Though Hamilton is a landlocked town in the North Shore region of Massachusetts, its proximity to it provides easy access to the Atlantic seashore with its reservations, beaches and boating.
Hamilton is closely tied to neighboring Wenham, sharing a school system, library, recreation department, commuter rail station and newspaper.
In June 1638, John Winthrop the Younger, son of the founder of the Massachusetts Bay Colony, bought most of present-day Essex County from Masconomet, chief of the Agawam Indians, for the sum of twenty English pounds.
Other early settlers of the Hamlet, including the Appletons, Winthrops, Lamsons, and Dodges, were attracted by countryside similar to the English farms and estates they had left behind.
In the 1880s, the Myopia Hunt Club, which had been named in jest for its nearsighted founders, moved from Winchester, Massachusetts, to the Gibney Farm in Hamilton.
Beginning as a lawn tennis and baseball club, it turned to polo, the hunt, and golf as members built large summer estates in the area.

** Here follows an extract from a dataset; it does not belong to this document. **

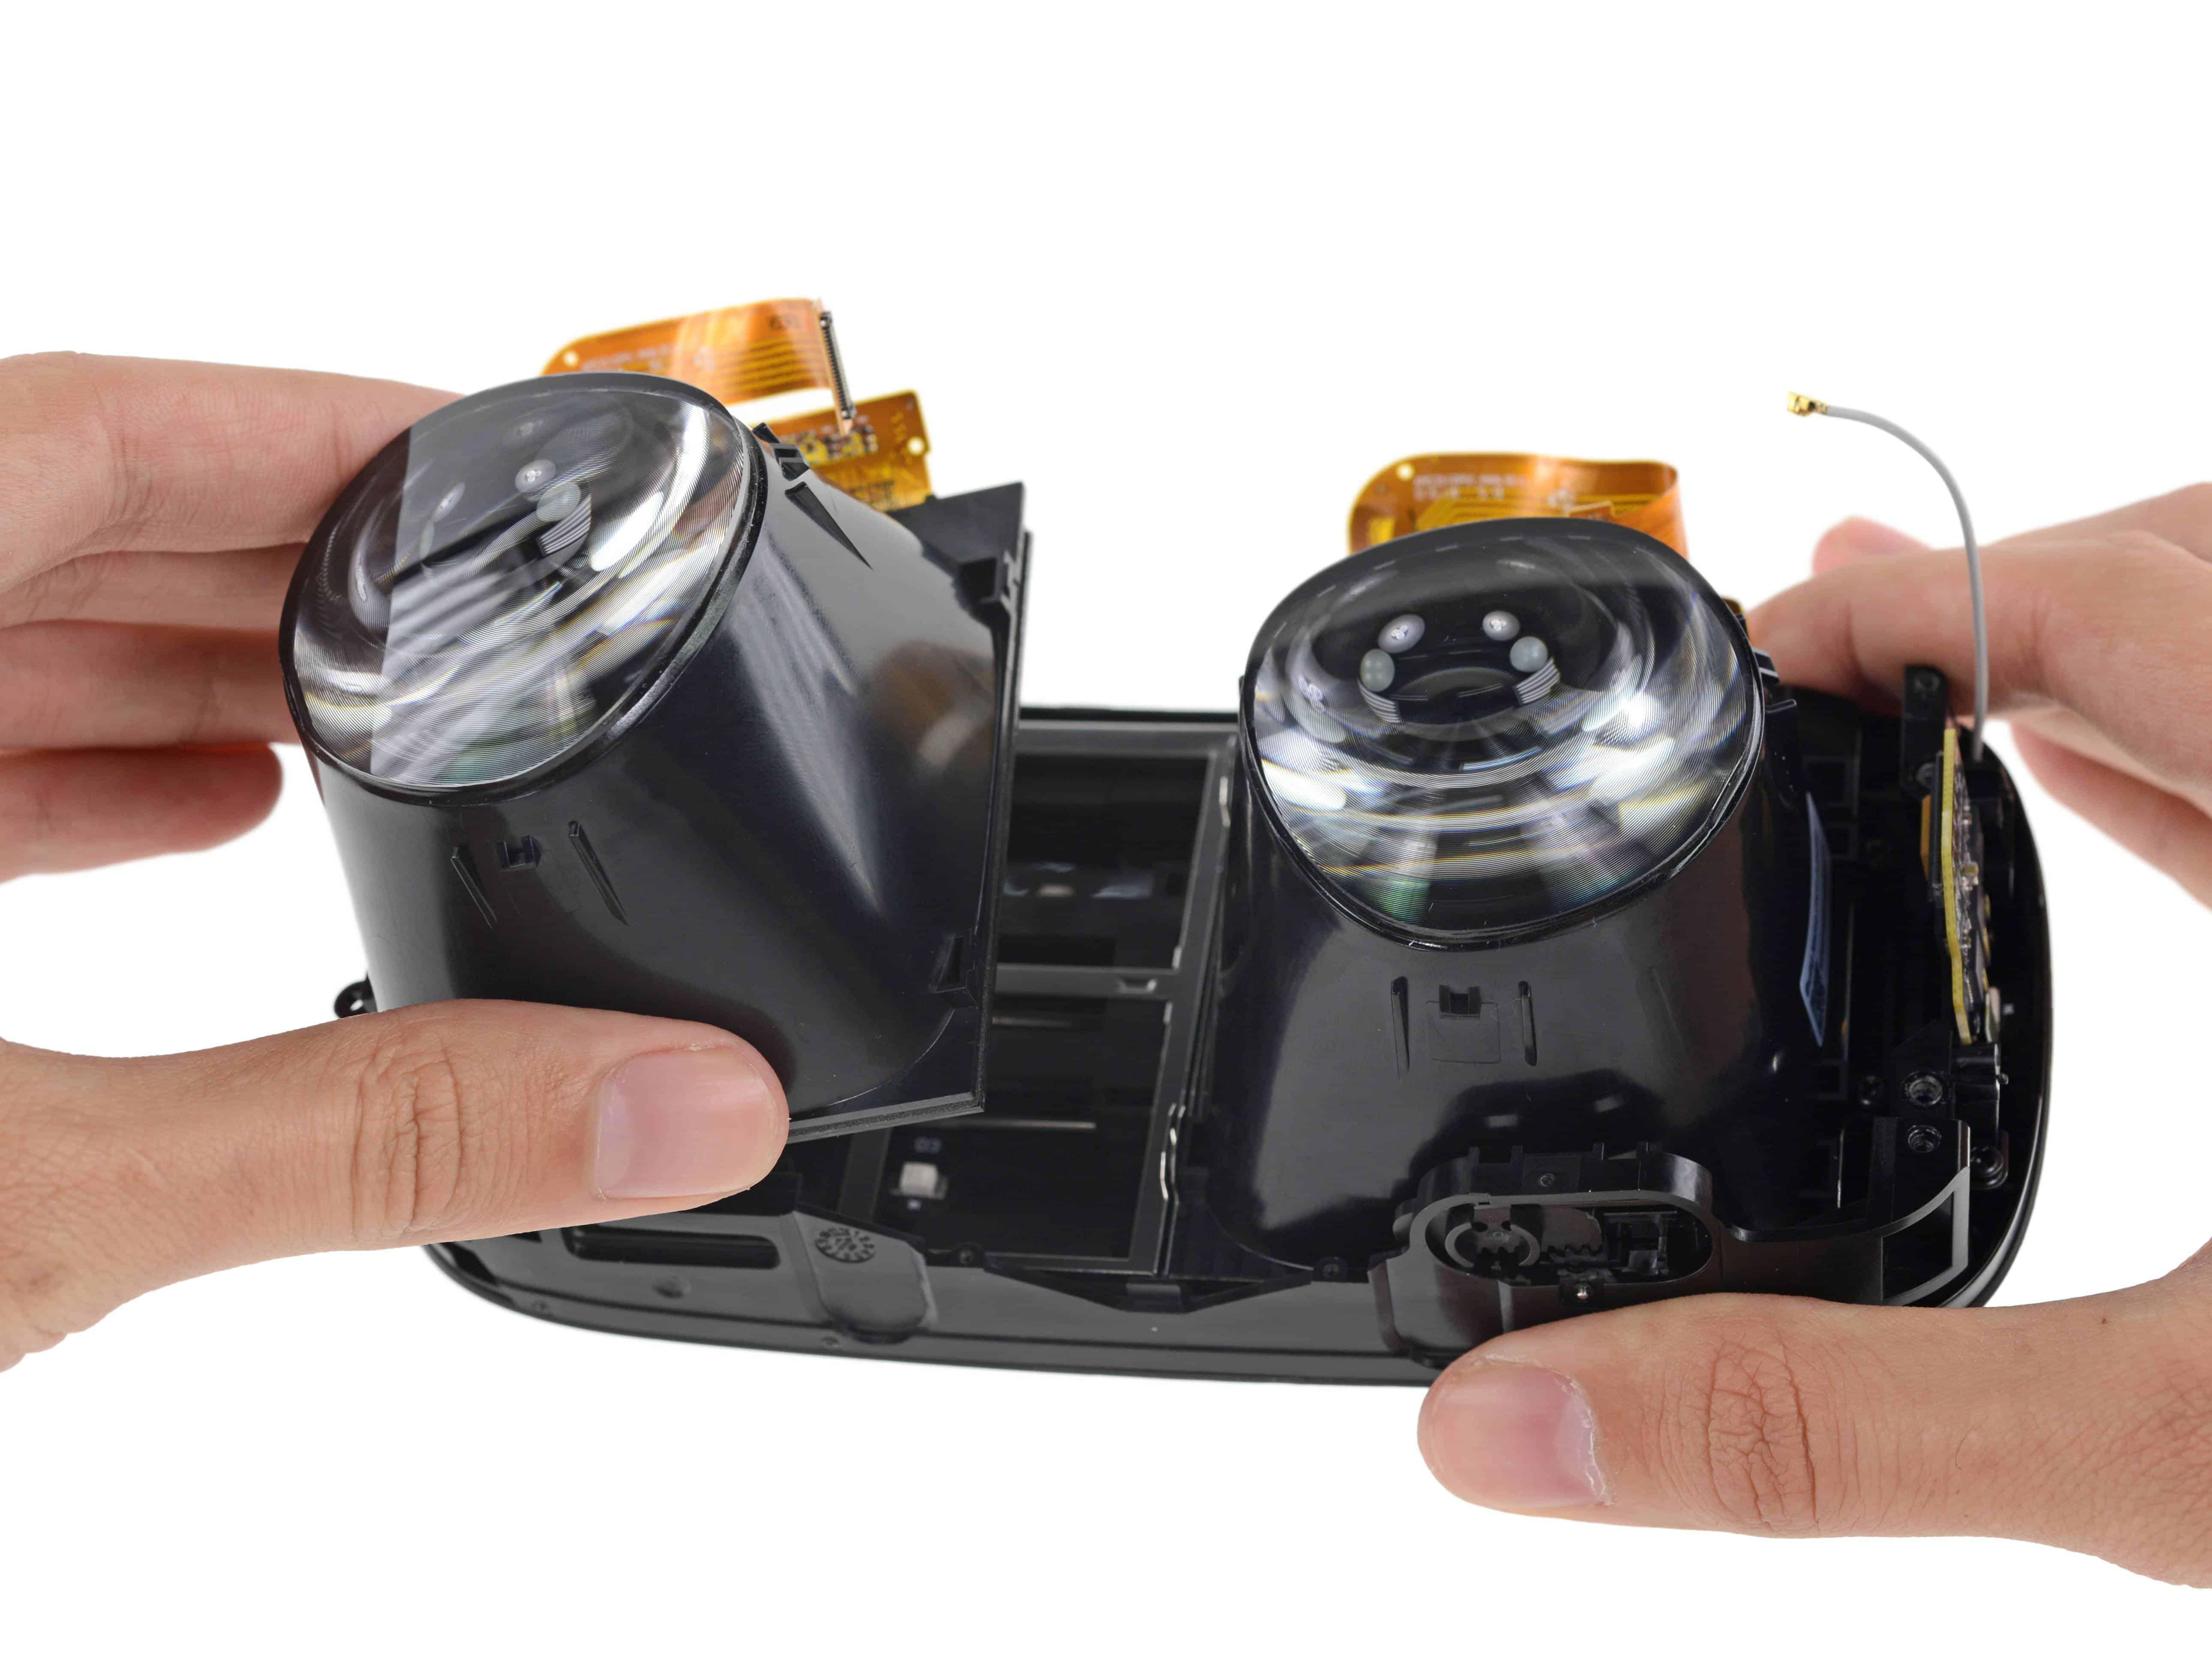 Oculus Rift Teardown 12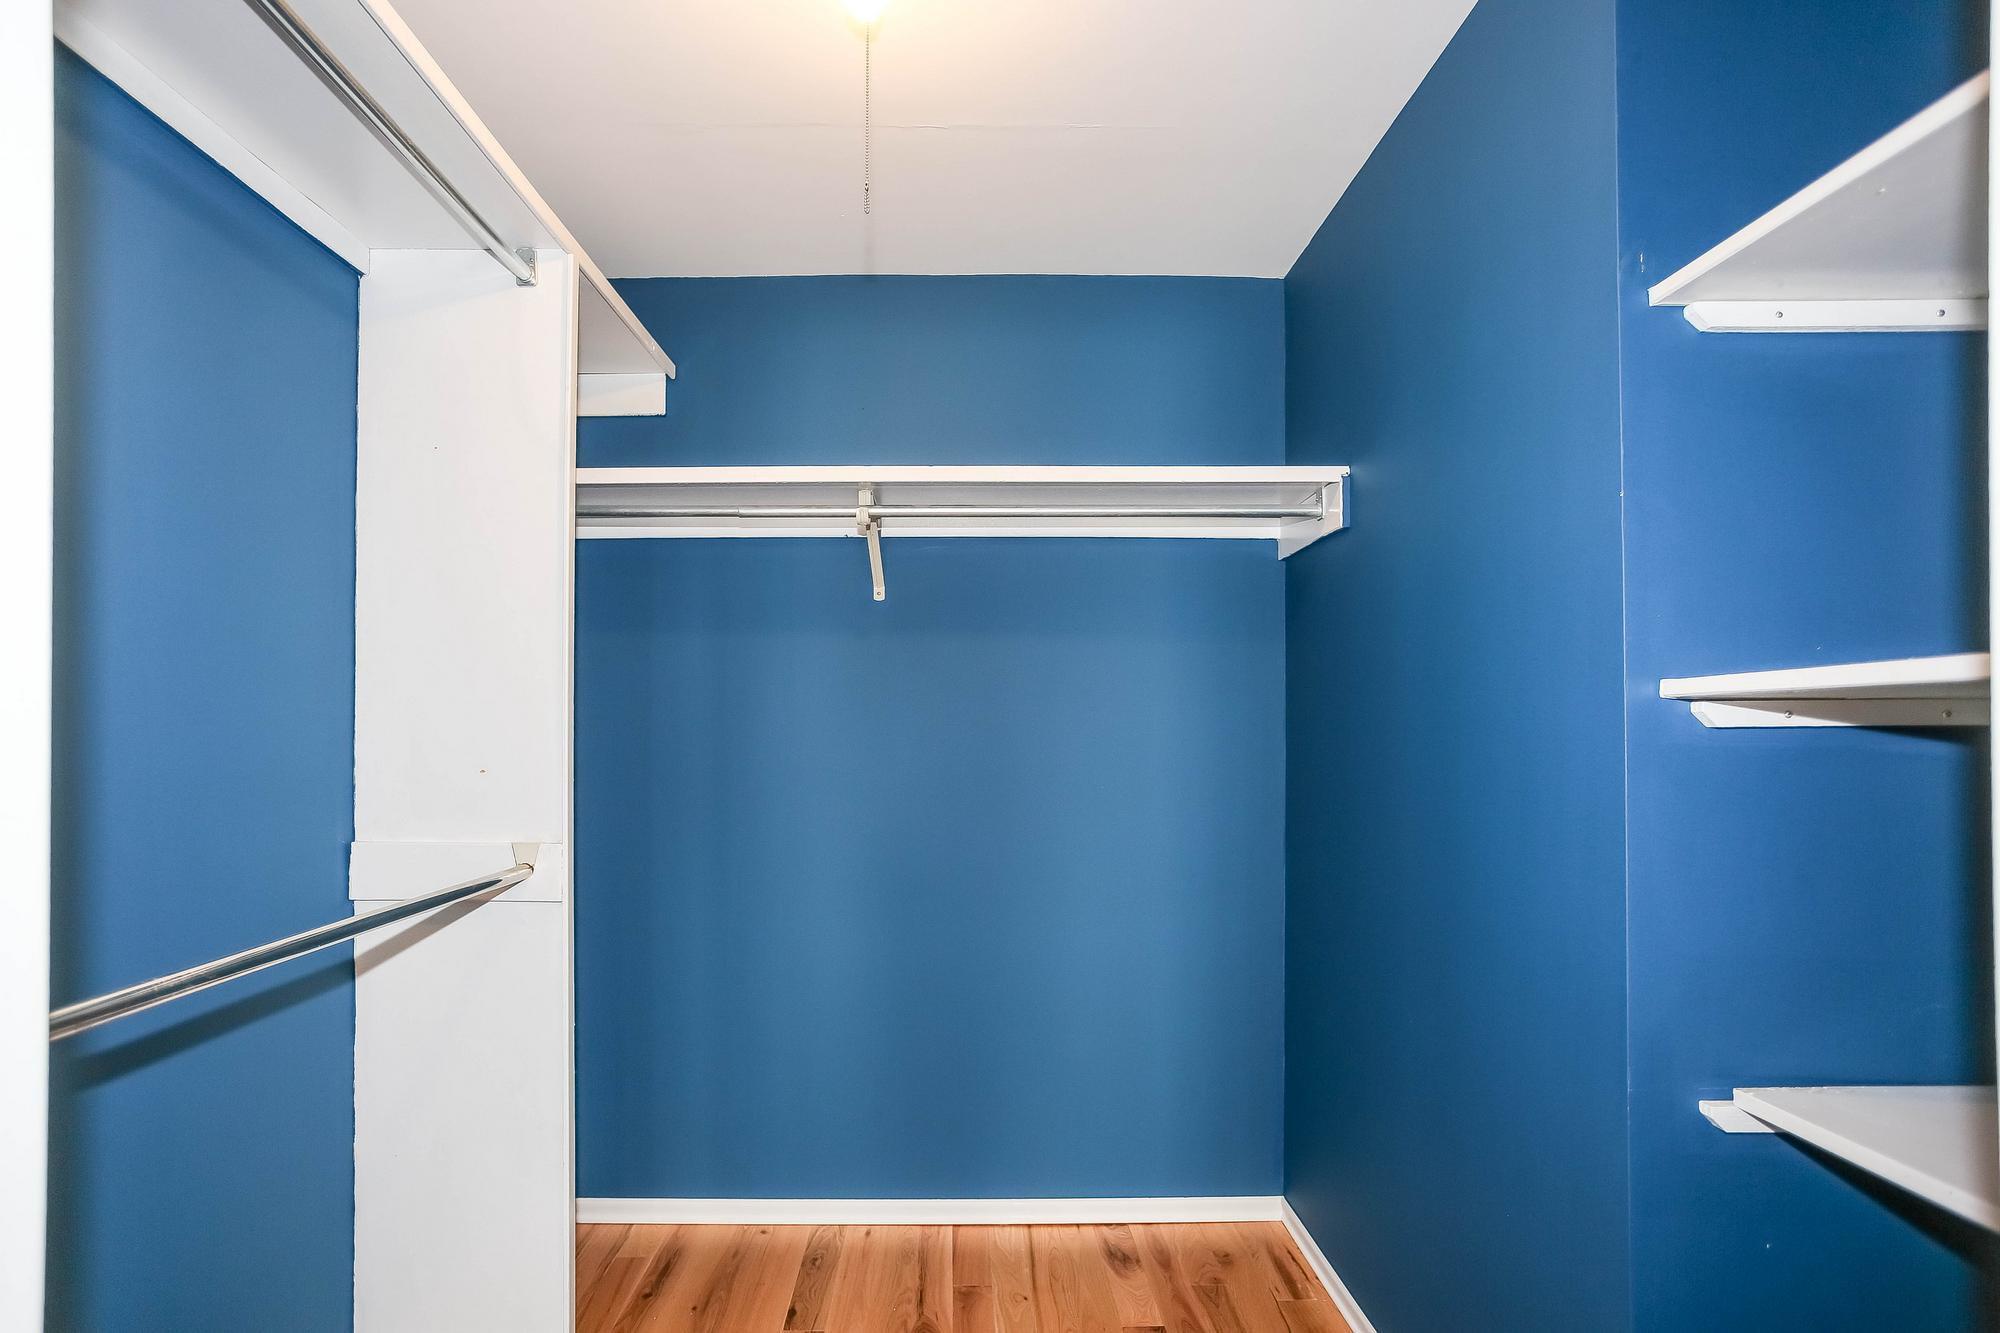 Photo 23: Photos: 155 Borebank Street in Winnipeg: River Heights Single Family Detached for sale (1C)  : MLS®# 202017166

In 1921, the Mandell family built the Community House in memory of the eight men in Hamilton and Wenham who died in military service during World War I, including their son, Sam.
They commissioned Guy Lowell, a respected architect of Boston and New York, to design the building, and gave the Community House in trust for the use of the residents of both towns.
[9] Hamilton lies 5 miles (8 km) inland from Massachusetts Bay, and both the eastern and western portion of town are bordered by water, with the Ipswich River to the west and Chebacco Lake and several other small ponds to the east.
The highest point in town is found on Blueberry Hill in Bradley Palmer State Park, with an elevation of at least 215 feet (66 m), according to the most recent (2011-2012) USGS 7.5-minute topographical map.
[10] Several areas of town are protected, including Myopia Hunt Club and parts of Bradley Palmer State Park, Appleton Farm Grass Rides, and the Ipswich River Wildlife Sanctuary.